Снова зазвонил телефон. Ядвига вышла из кухни, держа утюг в одной руке и кастрюлю с водой в другой.
"Почему ты не подходишь к телефону?"
"Я больше никогда не буду в праздничные дни подходить к телефону. А если ты хочешь быть еврейкой, больше никогда не гладь в день Шмини Азерес".
"Но это ты пишешь по субботам, не я".
"Я больше не буду писать по субботам. Если мы не хотим быть такими, как нацисты. — мы должны быть евреями".
"Ты дойдешь сегодня со мной на куфот?"
"Говори хакафот
[7], а не куфот. Да, я дойду с тобой. Если ты хочешь быть еврейкой, ты должна совершить ритуальные омовения"."Когда я стану еврейкой?"
"Я поговорю с рабби.
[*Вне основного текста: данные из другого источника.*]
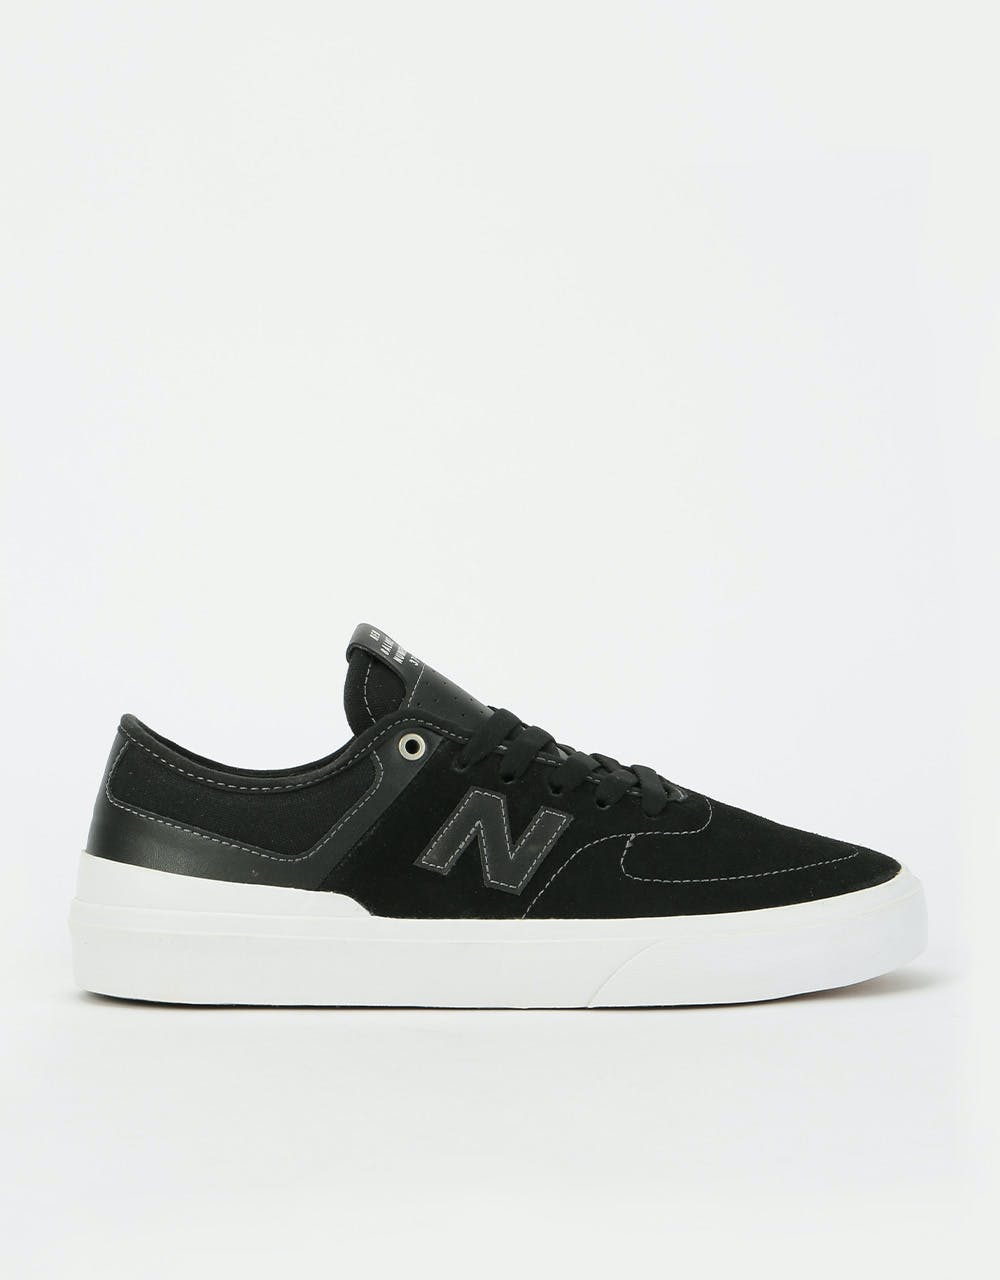 New Balance Numeric 379 Skate Shoes - Black/White

Я научу тебя, как произносить молитвы".
"У нас будет ребенок?"
"Если есть на то воля Божья, то будет".
Ядвига покраснела. Она была вне себя от радости.
"Что мне сделать с утюгом?"
"Отложи его до конца праздничных дней".
Ядвига постояла еще немного, потом пошла в кухню. Герман потрогал подбородок. Он не брился, у него росла борода. Он решил, что больше не будет работать для рабби, потому что эта работа — обман. Он подыщет себе место учителя иди что-нибудь в этом роде. Он разведется с Тамарой. Он будет делать то, что делали до него сотни поколений евреев. Раскаяние? Маша никогда не раскается. Она современная женщина до мозга костей, с тщеславием и всеми заблуждениями современной женщины.
Самое умное было бы — покинуть Нью-Йорк и начать заново в каком-нибудь отдаленном штате. Иначе он все время будет стремиться к Маше. Одна мысль о ней возбуждала его. Беспрерывные звонки телефона говорили ему, какие мучения она испытывала, как она желала его, как была связана с ним. Он читал замечания Раши к Талмуду. Он не мог помешать тому, что ее язвительные слова проникали в него — ее колкие замечания, ее презрение к тем, кто хотел ее и бегал за ней, как кобель за сучкой в период течки. Она, без сомнения, найдет, как объяснить свое поведение. Она была способна объявить свинью кошерной пищей тут же создать основательную теорию, доказывающую это.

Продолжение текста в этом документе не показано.